13. The electric arc furnace according to claim 12 further
including a plurality of anchor members each having components
supported by each of said furnace car and said lower furnace shell
for controlling said lower furnace shell due to thermal expansion
thereof, wherein said tap hole is defined at the intersection of
perpendicular vertical planes, said tap hole lying between spaced
apart anchor members within each of said vertical planes, said
furnace locator guide assemblies allowing thermal expansion of said
lower furnace shell within the vertical plane thereof and excluding
movement of the lower furnace shell perpendicularly thereto and
thereby prevent movement of the tap hole from the inner section of
said perpendicular vertical planes.
14. A method for producing steel in an electric furnace, said
method of including the steps of: providing an electric furnace
including a furnace shell having a sloping floor extending
downwardly to a tap hole; refining a steel melt in said furnace
using electric current to form a first heat; tapping a sufficient
quantity of steel from said first heat to a ladle while said lower
shell remains stationary to maintain a liquid hot heel in said
furnace consisting of at least 70% of the tapped steel; maintaining
flat bath furnace operation by using electric current and latent
heat of the liquid hot heel to refine charged material in said
furnace for forming a second heat; and tapping a sufficient
quantity of steel from said second heat while said lower shell
remains stationary to maintain a liquid hot heel in said furnace
consisting of at least 70% of the tapped steel.

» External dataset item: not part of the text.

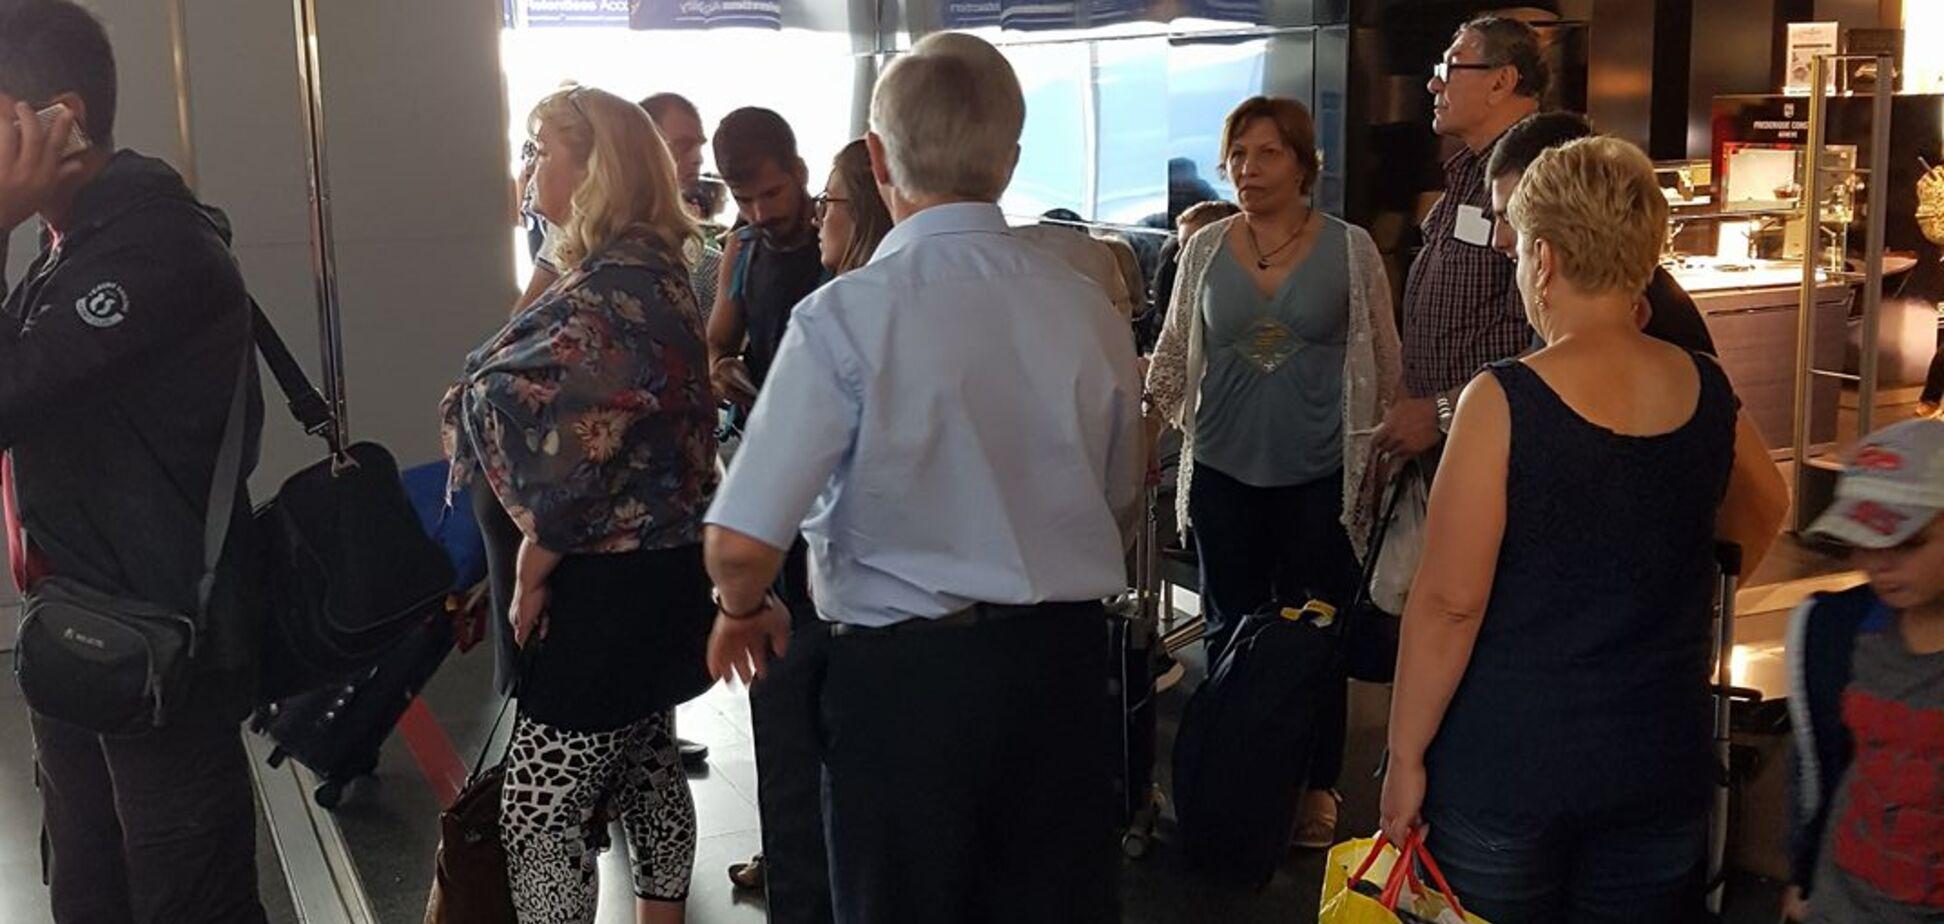 Зачастил: коммуниста Симоненко засекли в аэропорту на пути в Испанию

15. The method for producing steel in an electric furnace according
to claim 14 including the further step of locating said tap hole
relative to said sloping floor to define a ferrostatic head of the
liquid steel at said tap hole of at least three times the diameter
of a tap hole at the end of tapping for a worn tap hole.

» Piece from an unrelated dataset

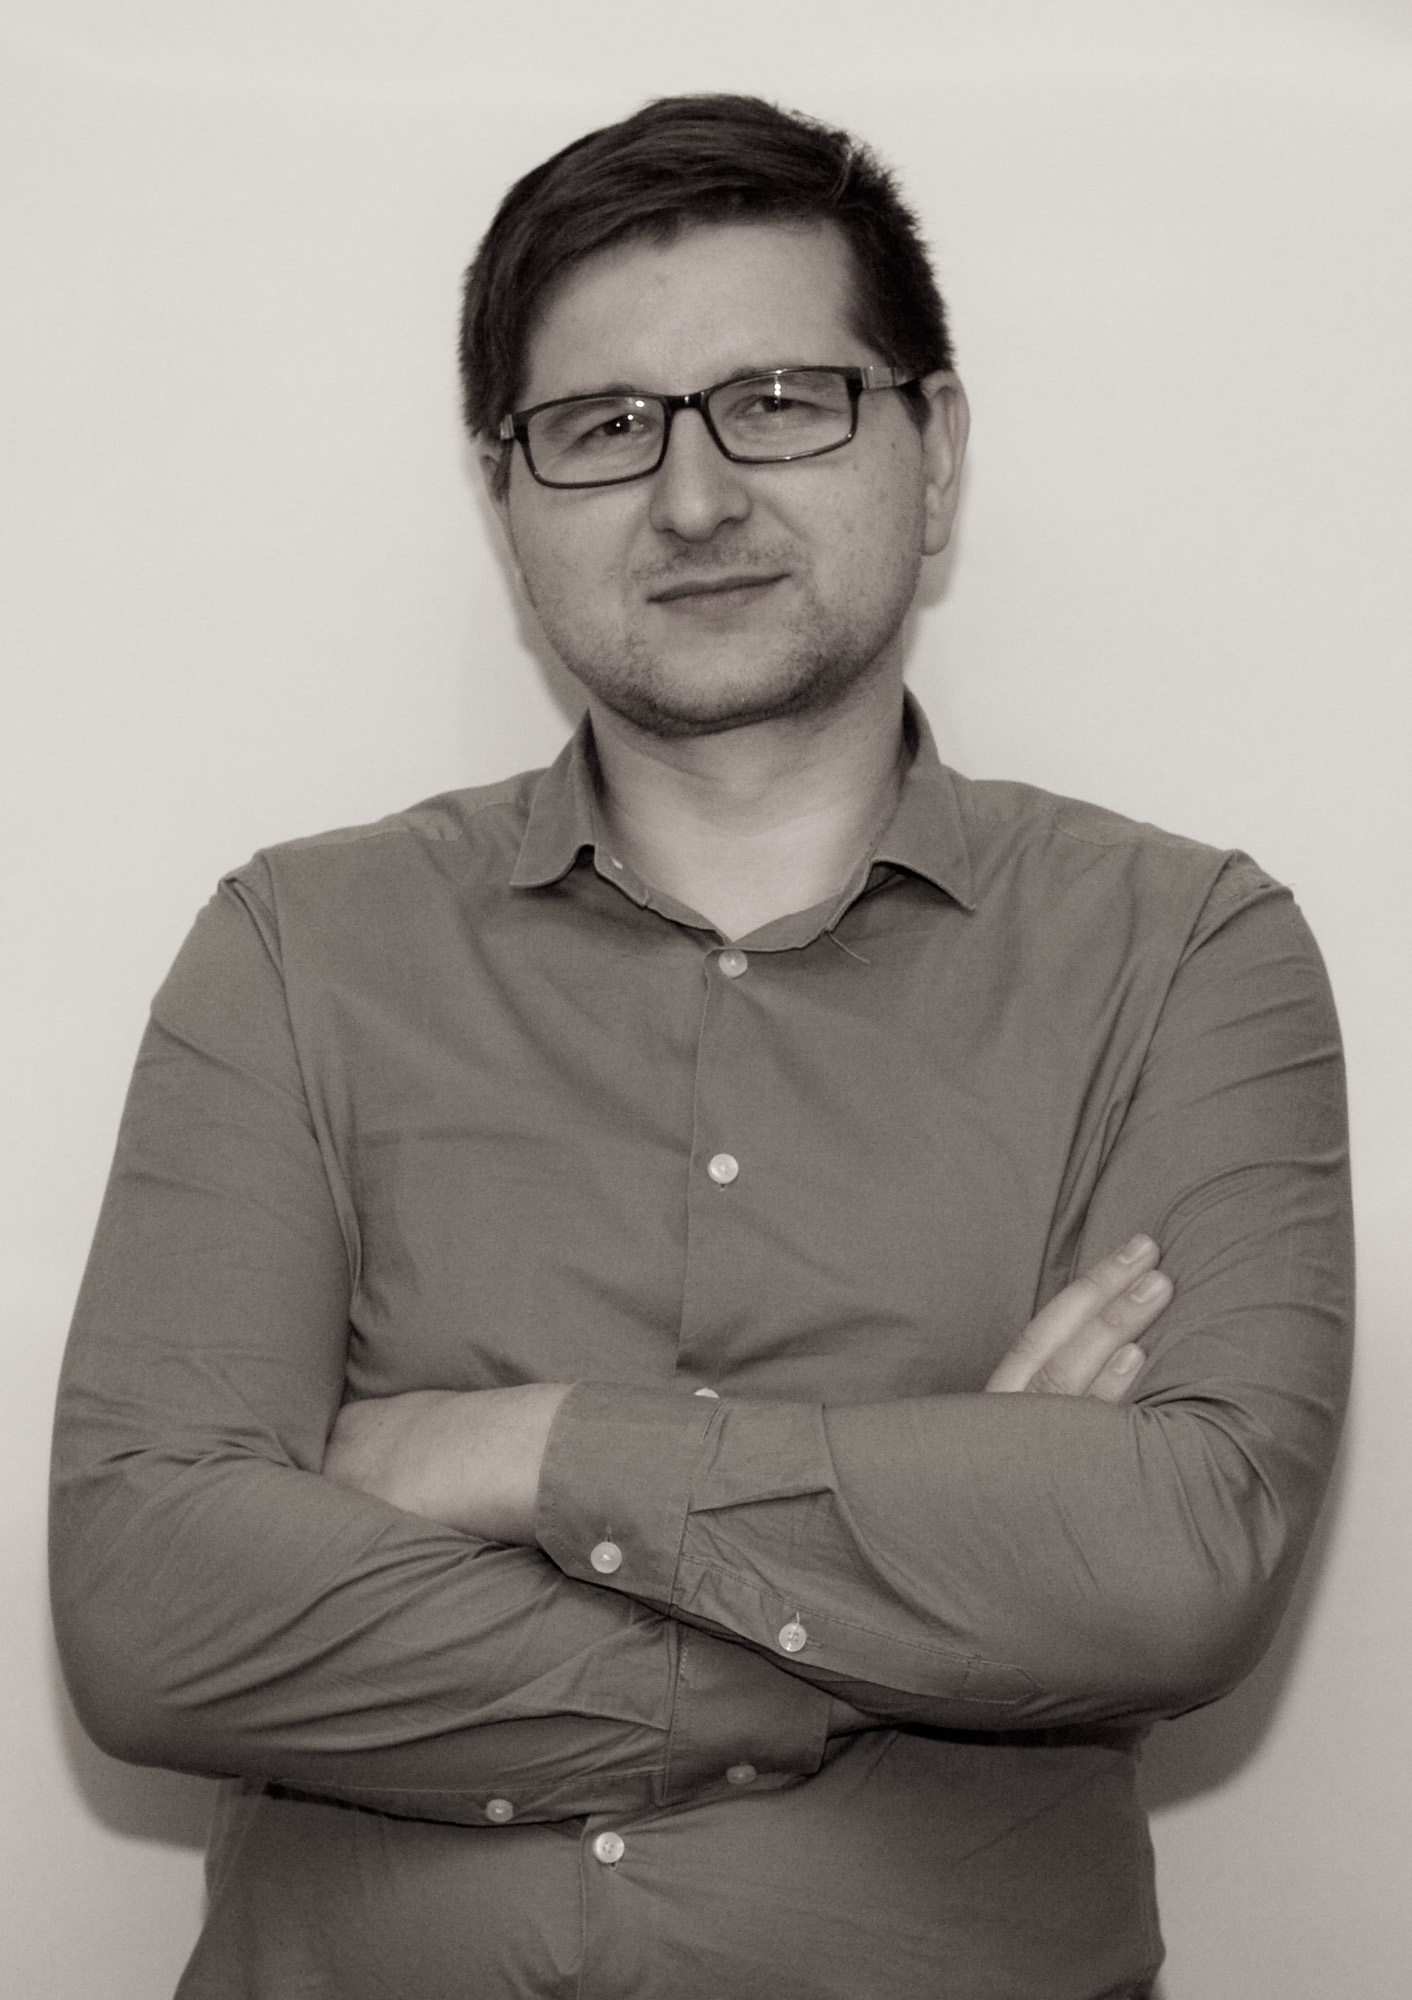 Marek Pietraszko

16. The method for producing steel in an electric furnace according
to claim 14 including the further step of selecting a furnace
transfer car movable to a furnace exchange position from a furnace
operating position; anchoring the furnace transfer car at the
furnace operating position during said step of refining a steel
melt in said furnace; and using the furnace transfer car to
transfer said lower furnace shell for servicing at said furnace
exchange position.
17. The method for producing steel in an electric furnace according
to claim 14 including the further step of confining said lower
furnace shell to movements along perpendicularly intersection
vertical planes forming a vertical axis containing said tap hole to
constrain said lower furnace shell to thermal expansion within said
vertical planes and maintain the site as said tap hole
constant.
18. The method for producing steel in an electric furnace according
to claim 14 wherein said step of providing an electric furnace
further includes arranging three electrodes for conducting
respective phases of three phase electric current in an upper
furnace shell through a furnace roof for heating a metal charge in
said lower furnace shell.
19. The method for producing steel in an electric furnace according
to claim 14 wherein said liquid hot heel is 100% of the tapped
steel.
20. The method for producing steel in an electric furnace according
to claim 14 wherein said using electric current to form a first
heat further includes continuously supplying electric current to
heat liquid metal in the furnace during said step of tapping.
21. The method for producing steel in an electric furnace according
to claim 14 including the further step of continuously charging
material during intermittent time intervals substantially
throughout said step of maintaining flat bath furnace
operation.
22. The method for producing steel in an electric furnace according
to claim 21 including the further step of terminating said step of
continuously charging material before said step of tapping.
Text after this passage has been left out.